Кто в небе пляшет, невидим, колышется и клянется?
Кто его плугом вспахал, вычерпал землечерпалкой?
Как выглядит мир на самом деле? — Никак.
Если ложкой не взять из-за века земли — цветку не взойти.
Бабочка снова сжимается в кокон, а после в пятак,
раскаленный паяльной лампой в сухой горсти.
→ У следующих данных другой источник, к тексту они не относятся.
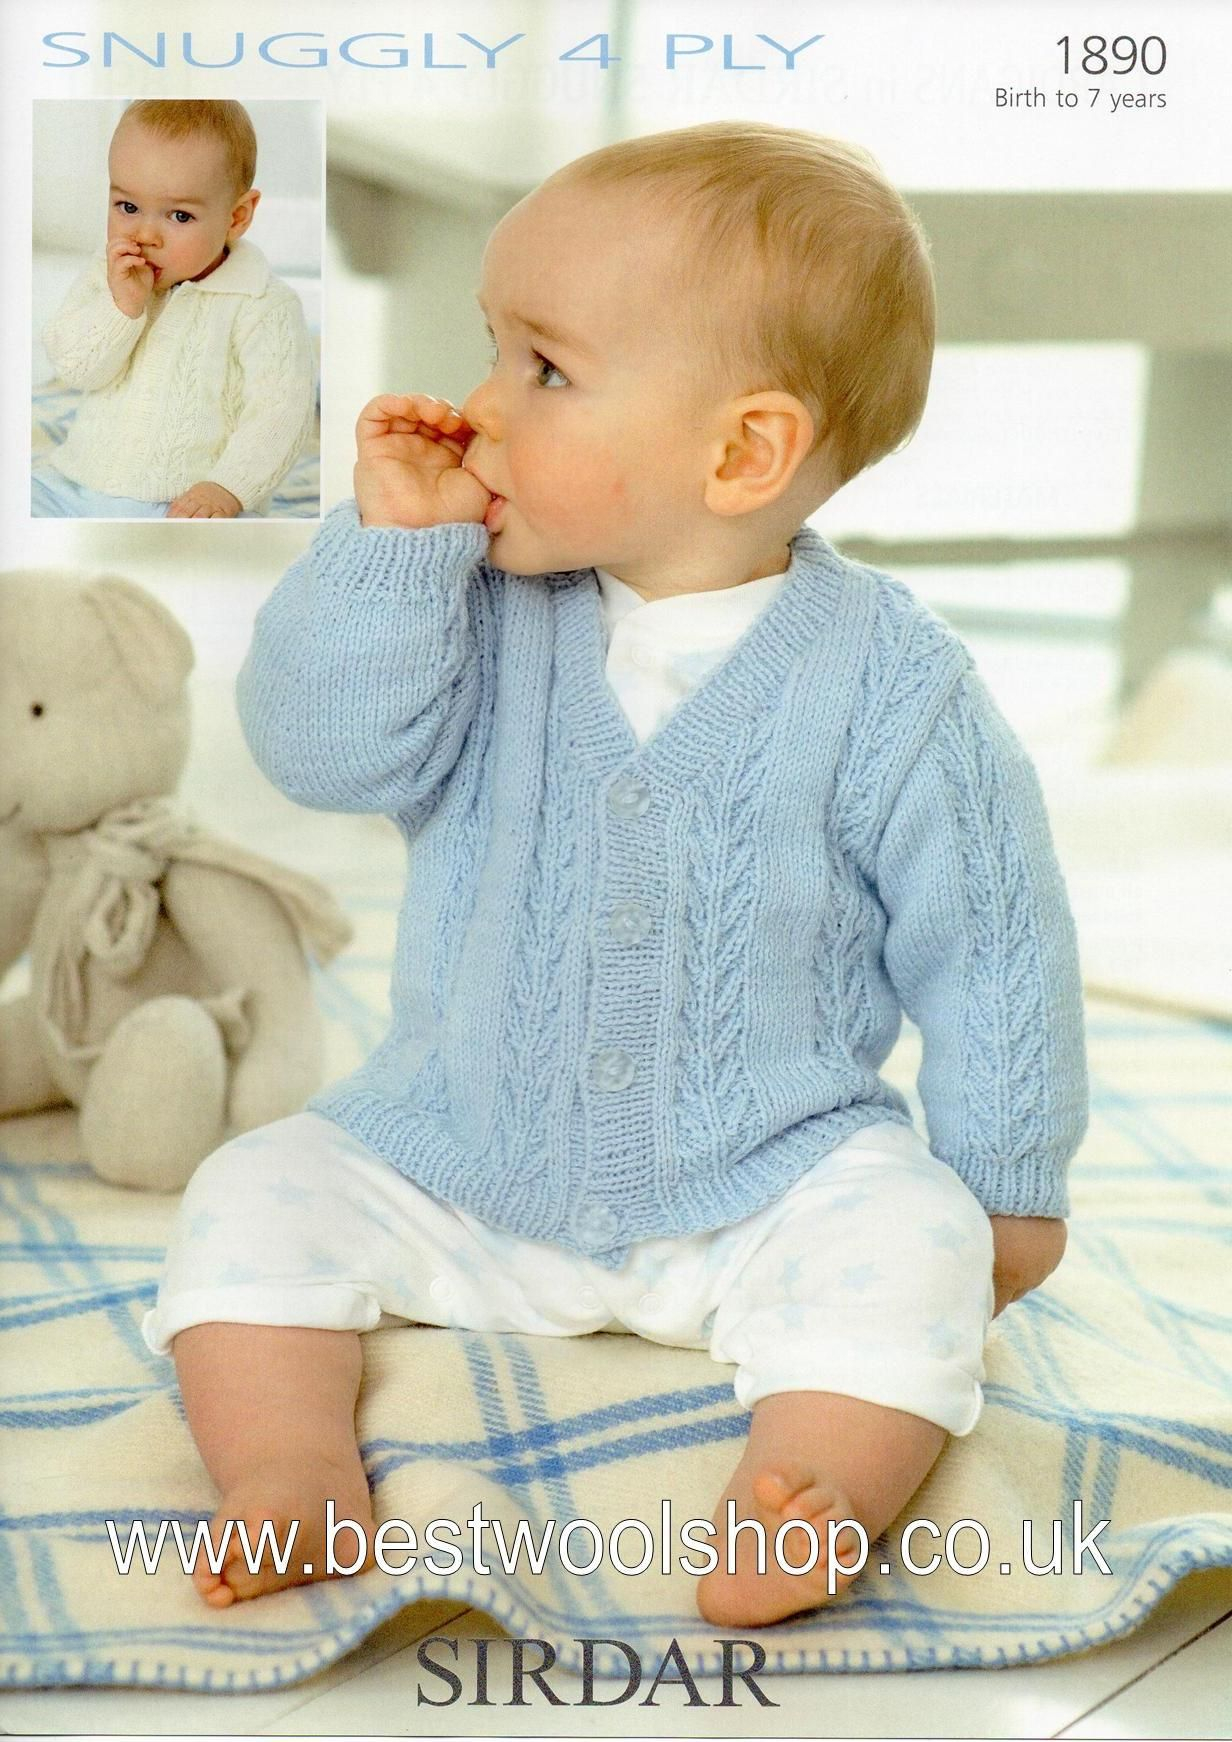 Sirdar Snuggly Knitting Patterns 1890 Sirdar Snuggly 4 Ply V Neck Collared Cardigan Knitting Pattern To Fit 0 To 7 Years
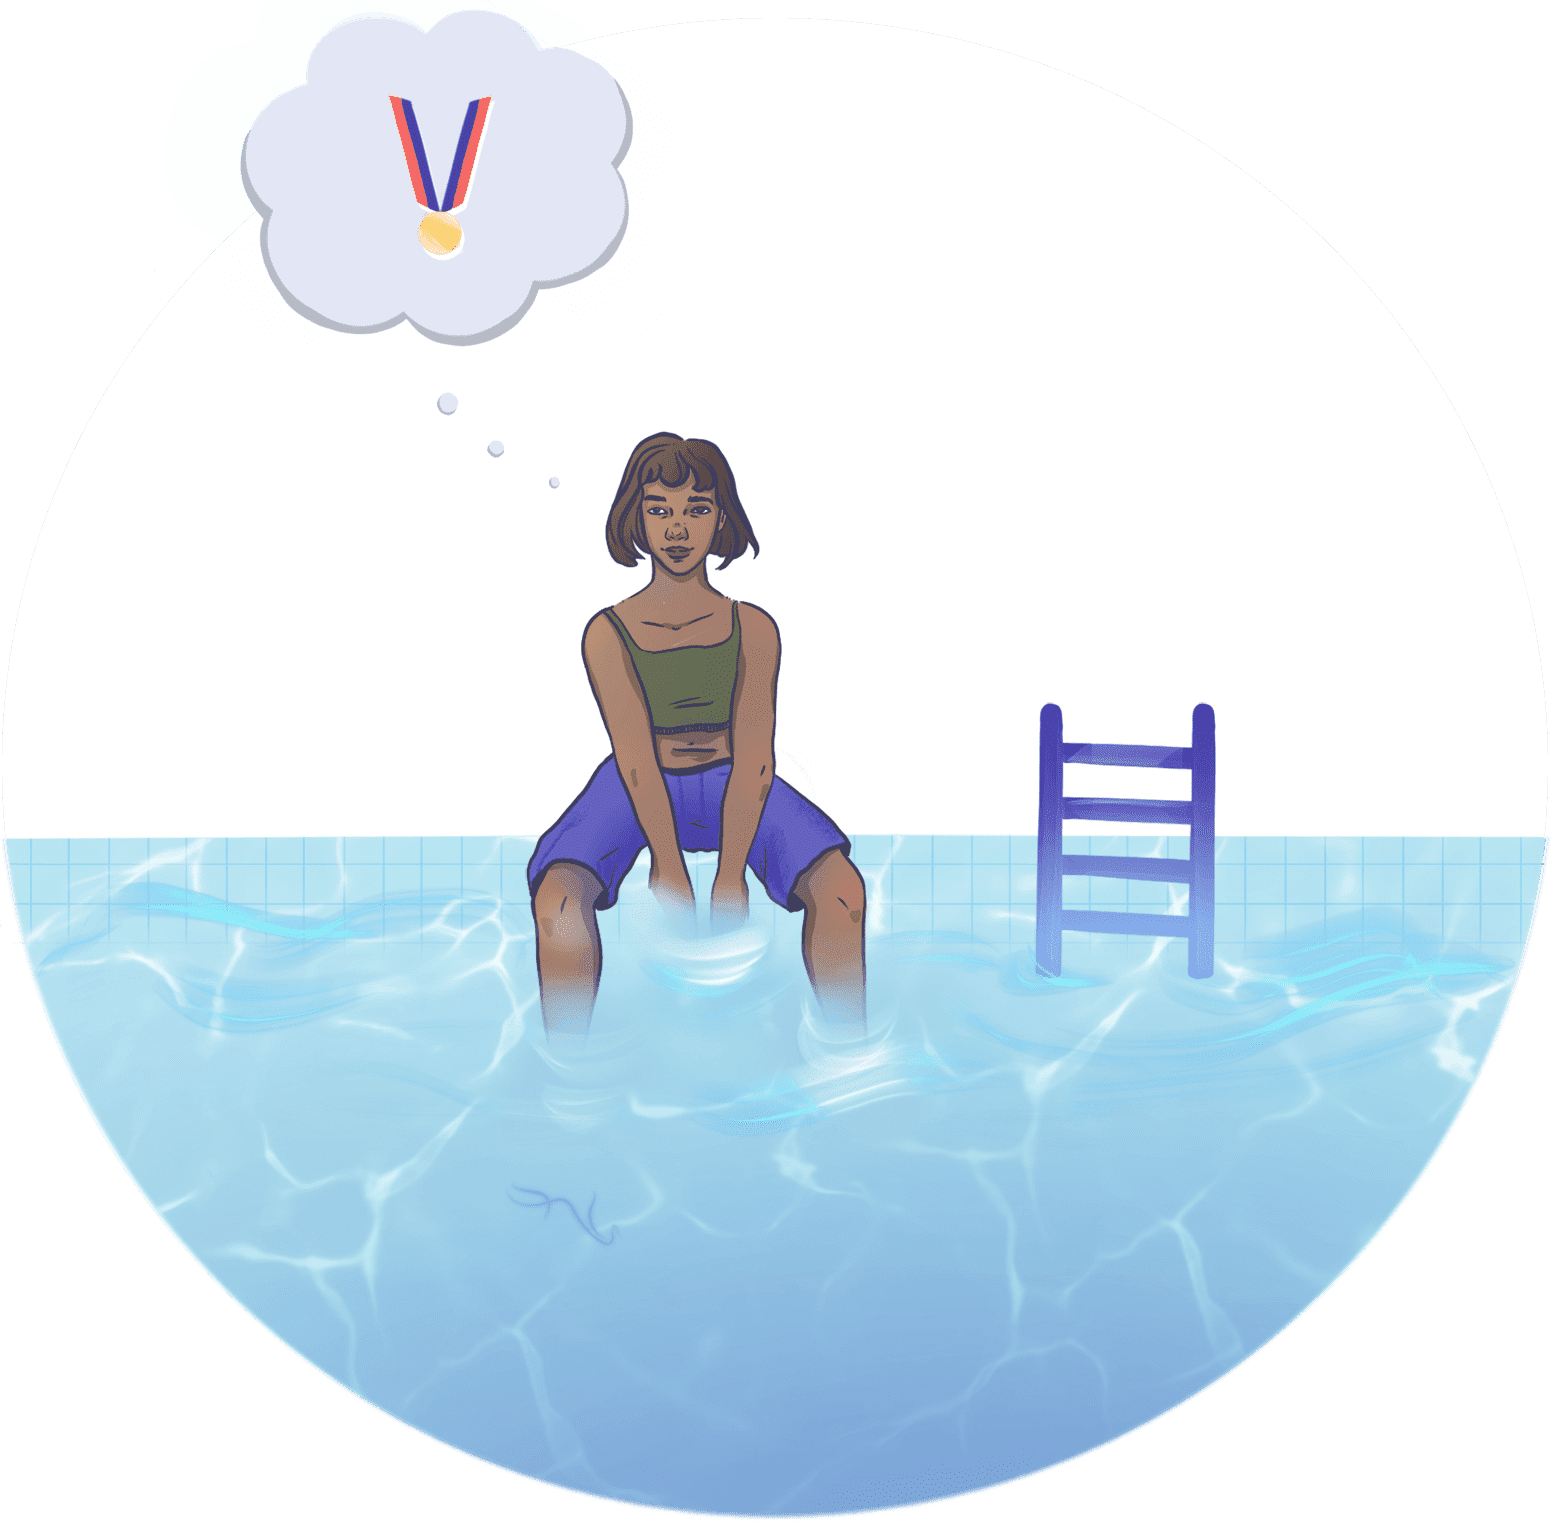 Illustration of a swimmer sitting by swimming pool. A thought bubble shows the swimmer fantasizing about winning a gold medal

Мелькающий невидимка, постой, покружись, сожмись
в череп, костер, в меня, в феака с материком.
Я — это значит, если названа сызнова жизнь
распавшимся до золы, но воскресшим, как холм, языком.
Это когда трамвай и когда леопард в упор,
исподлобья идут, посланы сгоряча,
чтобы в холм войти и вынести свет и сор,
сгущая из блуда плоть до плода — луча, луча!
Про три своих имени «Cats» поют в мировой Москве,
невидимка порхает меж рельсом и языком.
Муравьиная дева стоит надо мной по колено в постели, в воде,
я парю, дирижабль, меж светящихся ног, как траншея с лунным цветком.
Андрей Тавров.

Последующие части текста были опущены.